A study was conducted to look into the efficacy of foot reflex therapy as adjuvant treatment modality in reducing pain and anxiety in postsurgical patients with gastric and hepatocellular cancer at Taiwan (2005). It was a randomized controlled trial. Sixty-one patients who had undergone surgery for gastric or hepatocellular carcinoma were randomly assigned to intervention (n = 30) or control (n = 31) group. Patients in the experimental group received 20 minutes of foot reflexotherapy in addition to the usual pain management during 2nd, 3rd and 4th postoperative days. Patients in the control group got usual pain management only. Outcome was measured using short-form McGill Pain Questionnaire, VAS, summary of the pain medications taken, and the Hospital Anxiety and Depression Scale. Intervention group reported less pain and anxiety over time when compared with the control group.
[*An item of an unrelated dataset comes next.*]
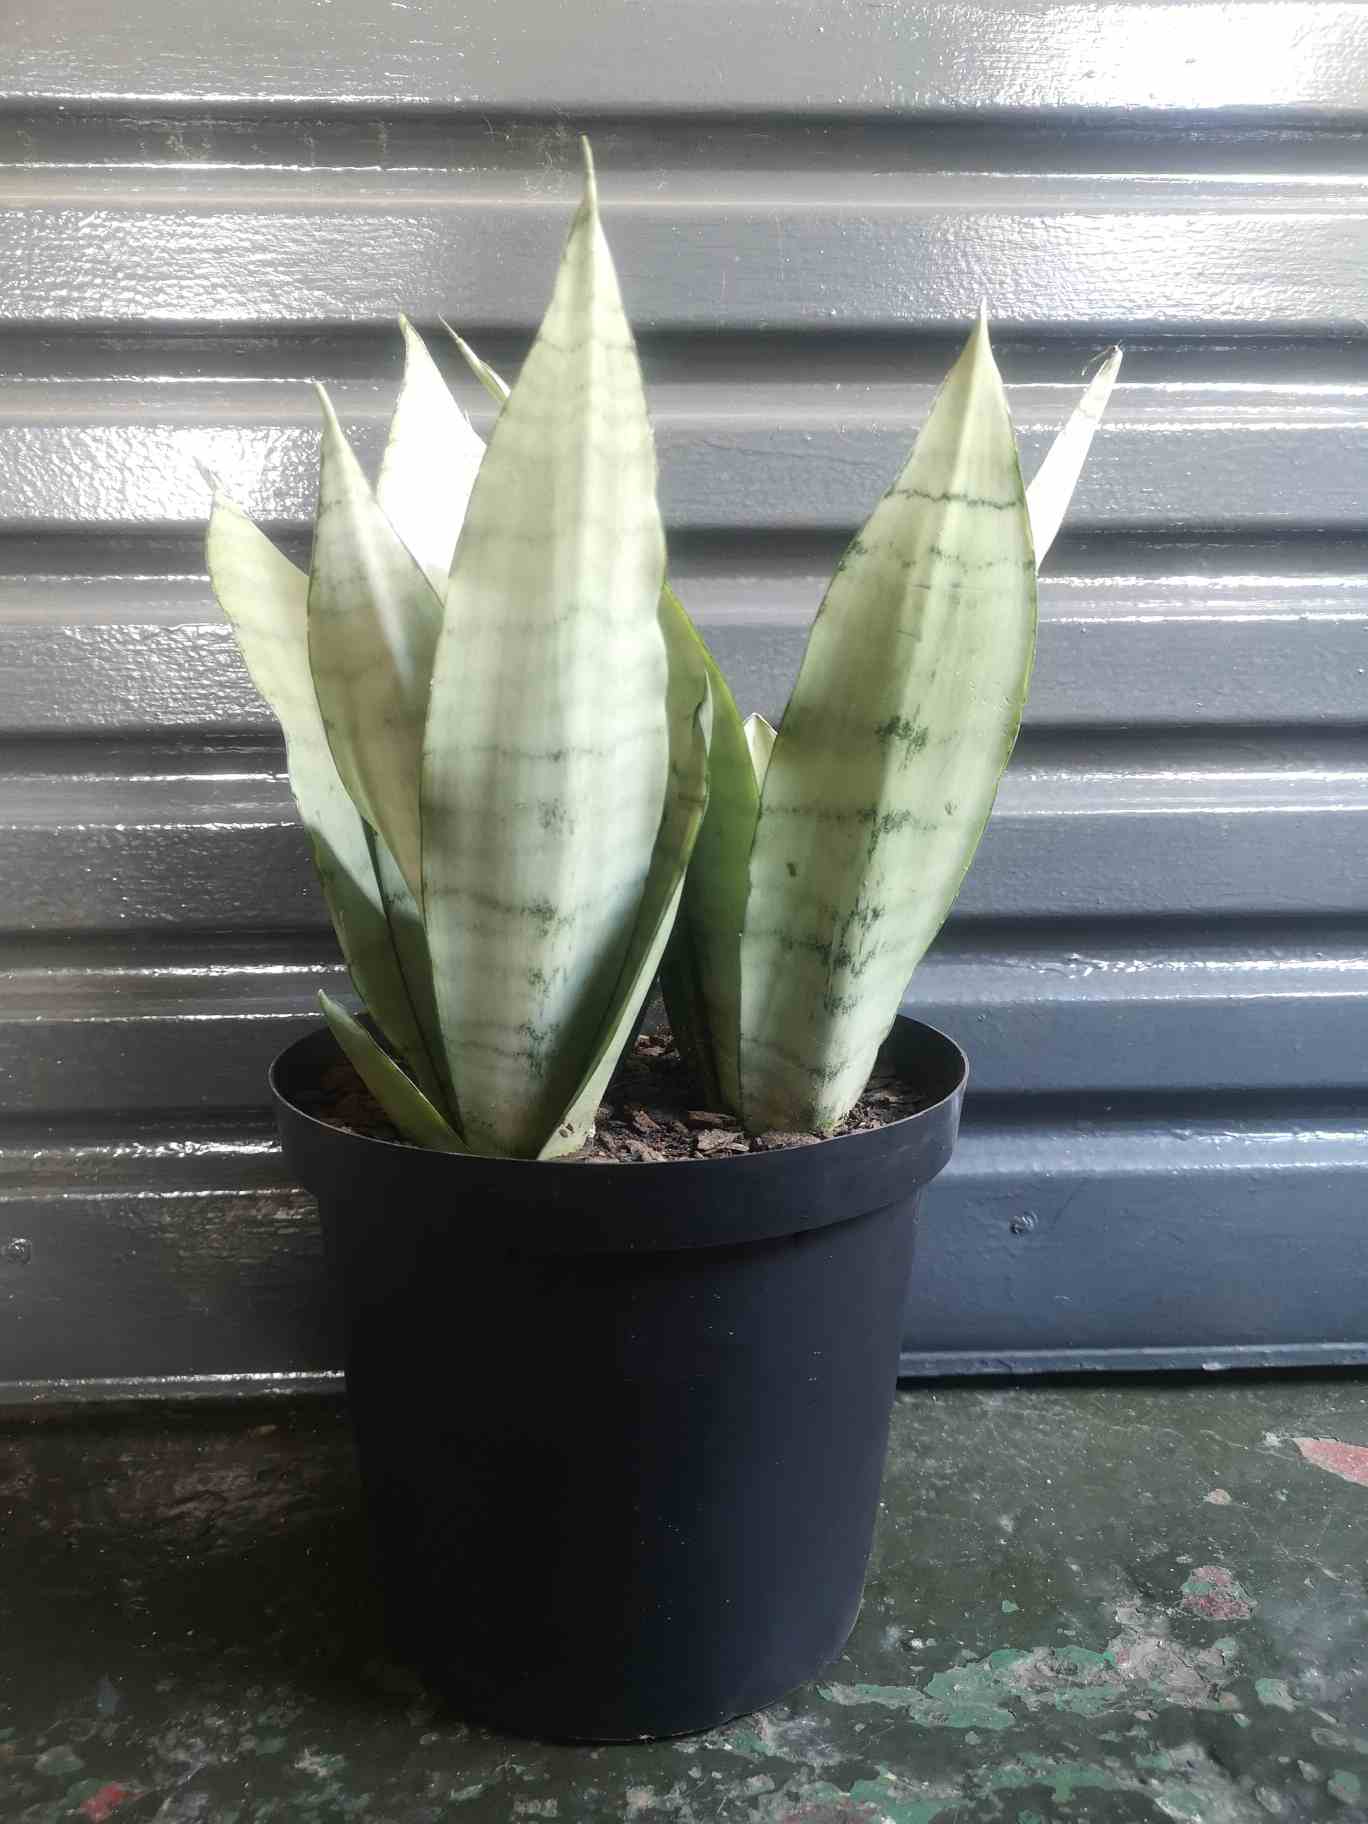 Snake Plant - Moonshine Large Mother in laws tongue

The study also revealed that the patients in the experimental group received significantly less pain medications than the control group.(Tsay, Shiow-Luan et al., 2008).
A study was conducted to compare effects of symptom management with reflexology on pain and frequency of pain medication taken in old age patient with prostatectomy at Suratthanee Hospital, Thailand (2005). Quasi-experimental, pretest –post test design was used with a control groups. 40 elderly patients were selected and allocated to experimental and control groups. The instrument used for the study consisted of four sessions; Symptom experienced assessment, Knowledge providing, Reflexology and evaluation phases. Data were analyzed by using descriptive statistics and t-test. The study reported that the posttest mean score on pain of an experimental group was significantly lower than of the pretest. The posttest mean score of pain of an experimental group was significantly lower than of a control group. The posttest mean score of frequency pain medication taking of an experimental group was significantly lower than of a control group (Tanyakhanok Pongpiyapibon, 2005).
A study was conducted to find out the effectiveness of foot reflexology on pain level, vital signs and satisfaction in patients with abdominal surgery by a post graduate student of Mahidol University, Taiwan (2003). It was a quasi experimental research with simple cross over design. Thirty patients were randomly selected to control group and experimental group. Control group received 30 minutes of supportive education and experimental group received 30 minutes of foot reflexology. Pain assessment and vital signs were recorded pre, immediately after therapy and at 15 minutes and 45 minutes interval. The results showed that patient received foot reflexology had marked reduction in pain compared to those received supportive education. It also reported a marked effect in vital signs (Sarunya, 2003).